Metastatic infections can complicate catheter-related blood stream infections (CRBSI) in dialysis dependent patients. However, an infected/septic aneurysm involving the aorta or its branches as a direct complication of CRBSI without an underlying infective endocarditis is not reported so far in the literature. We report a 43-year female, who presented with CRBSI 2 weeks following a tunneled dialysis catheter (TDC) insertion. Due to the lack of defervescence after 72 h of antibiotics given as per the culture sensitivity reports, the TDC was removed. Blood cultures grew Pseudomonas . After a catheter free interval of 4 days, a TDC was reinserted, an antibiotic course was completed, and she was discharged in stable condition. Five days later, she presented with acute abdominal pain and fever.

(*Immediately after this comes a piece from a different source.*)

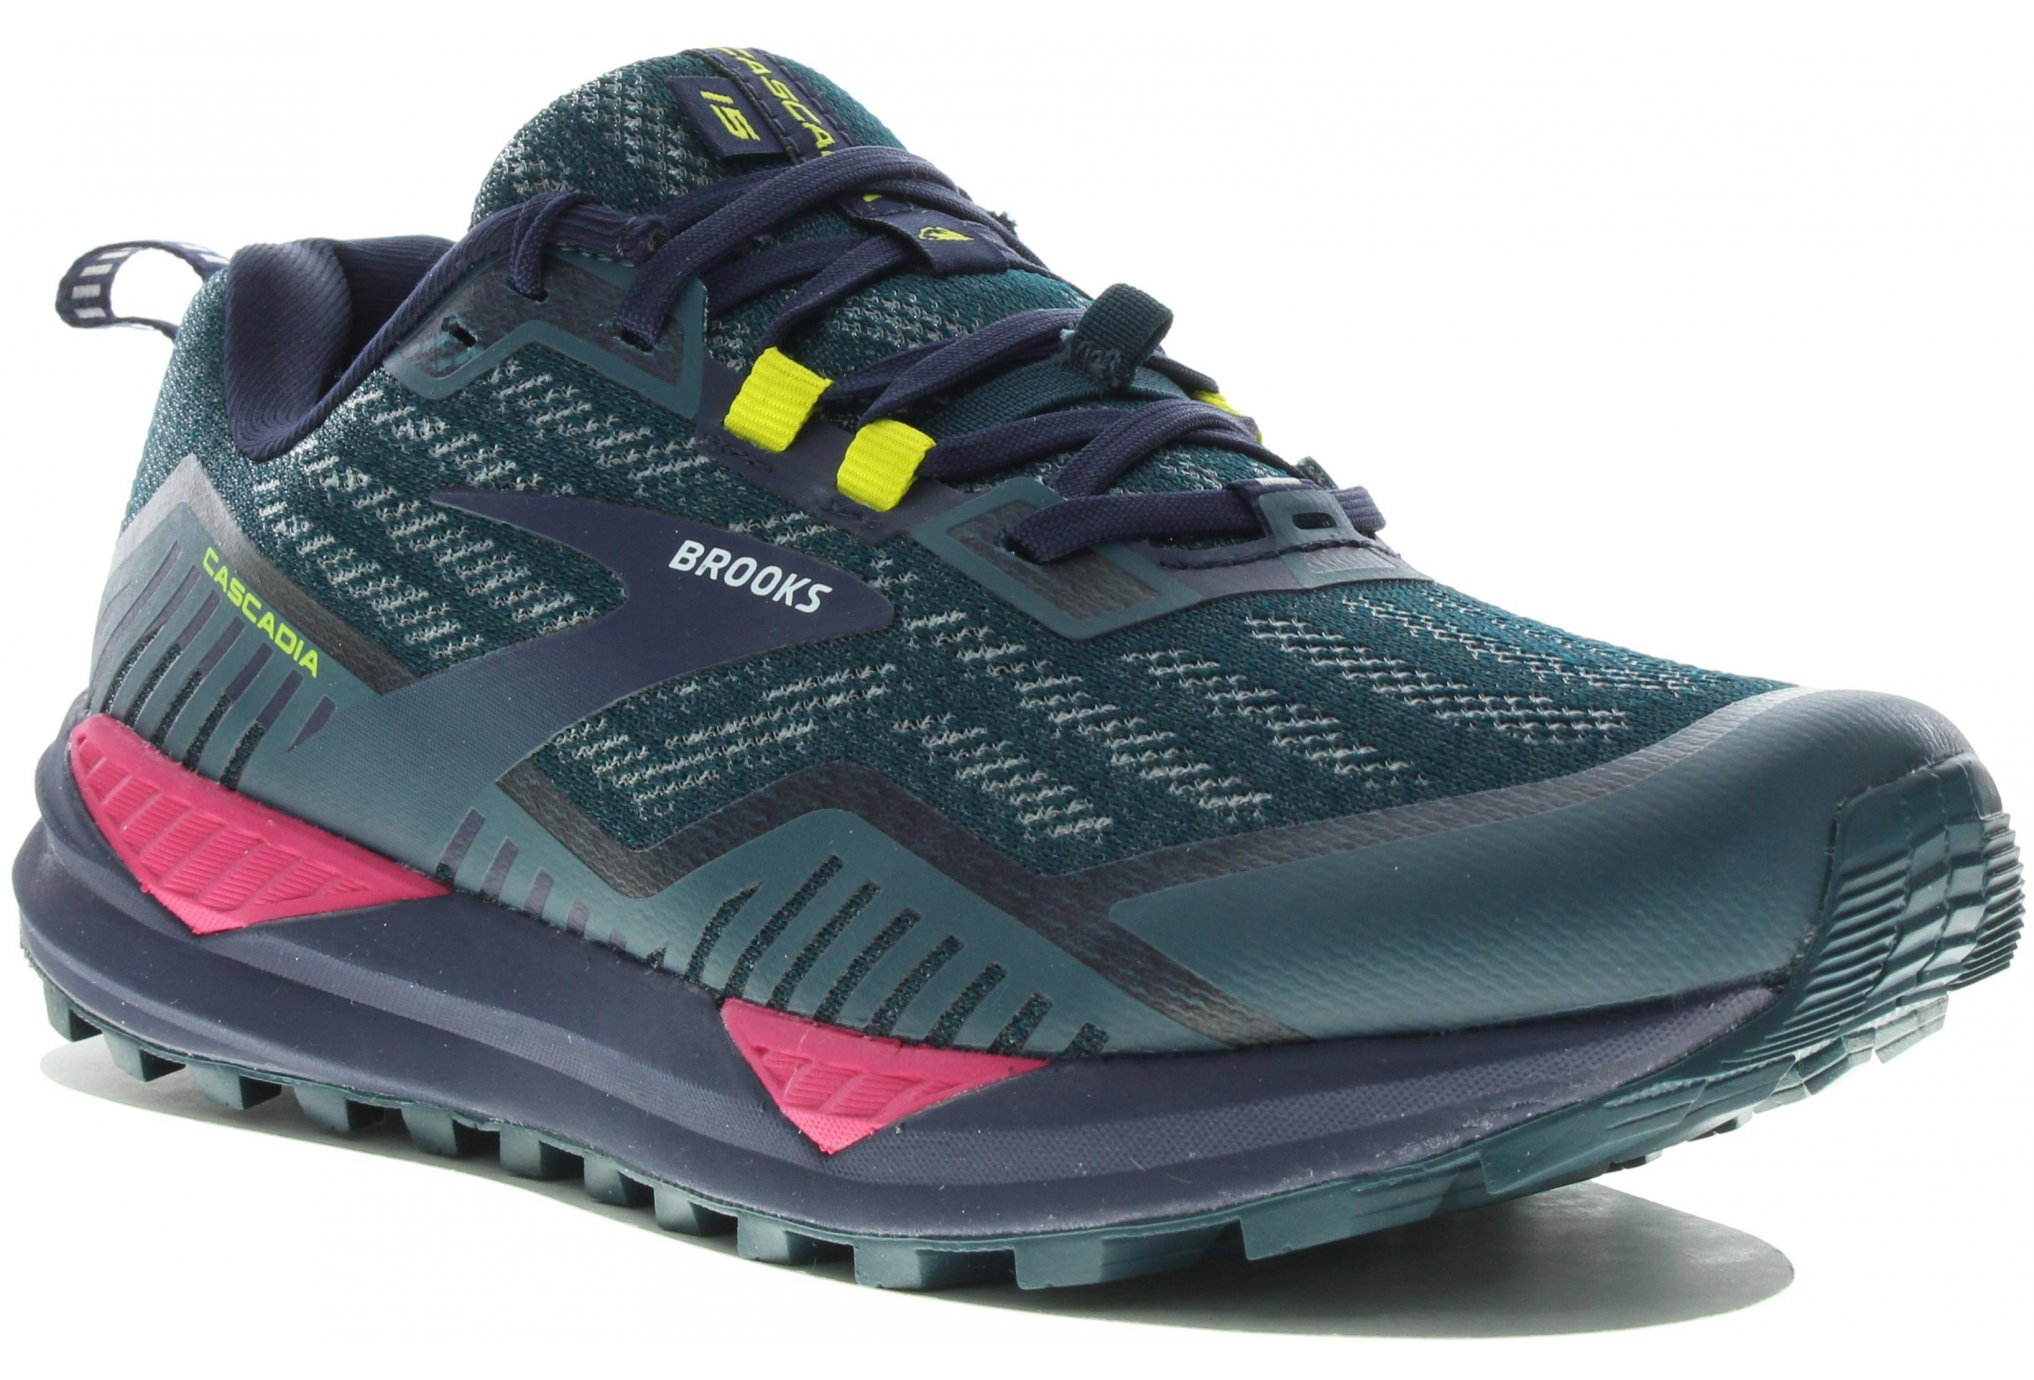 Brooks Cascadia 15 W Chaussures running femme

A tender, firm, and pulsatile mass was noted in the hypogastrium with a bruit. Contrast-enhanced CT revealed a pseudoaneurysm of the aorta, and left common iliac artery at the site of origin. She was started on IV antibiotics and planned for an endovascular prosthesis but had a sudden collapse during her hospital stay due to a ruptured aneurysm. CRBSI due to certain pathogens such as Pseudomonas might require prolonged and dual antibiotic therapy to prevent fulminant complications.

摘要

转移性感染可能会使依赖透析的患者并发导管相关血流感染(CRBSI)变得复杂。然而,在目前的文献中,尚未有报道称感染/感染性动脉瘤作为 CRBSI 的直接并发症,累及主动脉或其分支,而没有潜在的感染性心内膜炎。我们报告了一位 43 岁的女性,在隧道式透析导管(TDC)插入后 2 周出现 CRBSI。由于根据培养敏感性报告给予抗生素 72 小时后仍未退烧,因此将 TDC 取出。血培养生长出铜绿假单胞菌。在无导管 4 天后,重新插入 TDC,完成一个疗程的抗生素治疗,然后她病情稳定出院。5 天后,她出现急性腹痛和发热。在下腹部可触及压痛、坚硬且有搏动的肿块,并伴有杂音。增强 CT 显示主动脉和左髂总动脉起源处假性动脉瘤。她开始接受静脉内抗生素治疗,并计划进行血管内假体,但在住院期间突然因动脉瘤破裂而崩溃。CRBSI 由某些病原体引起,如铜绿假单胞菌,可能需要延长和双重抗生素治疗,以防止发生暴发性并发症。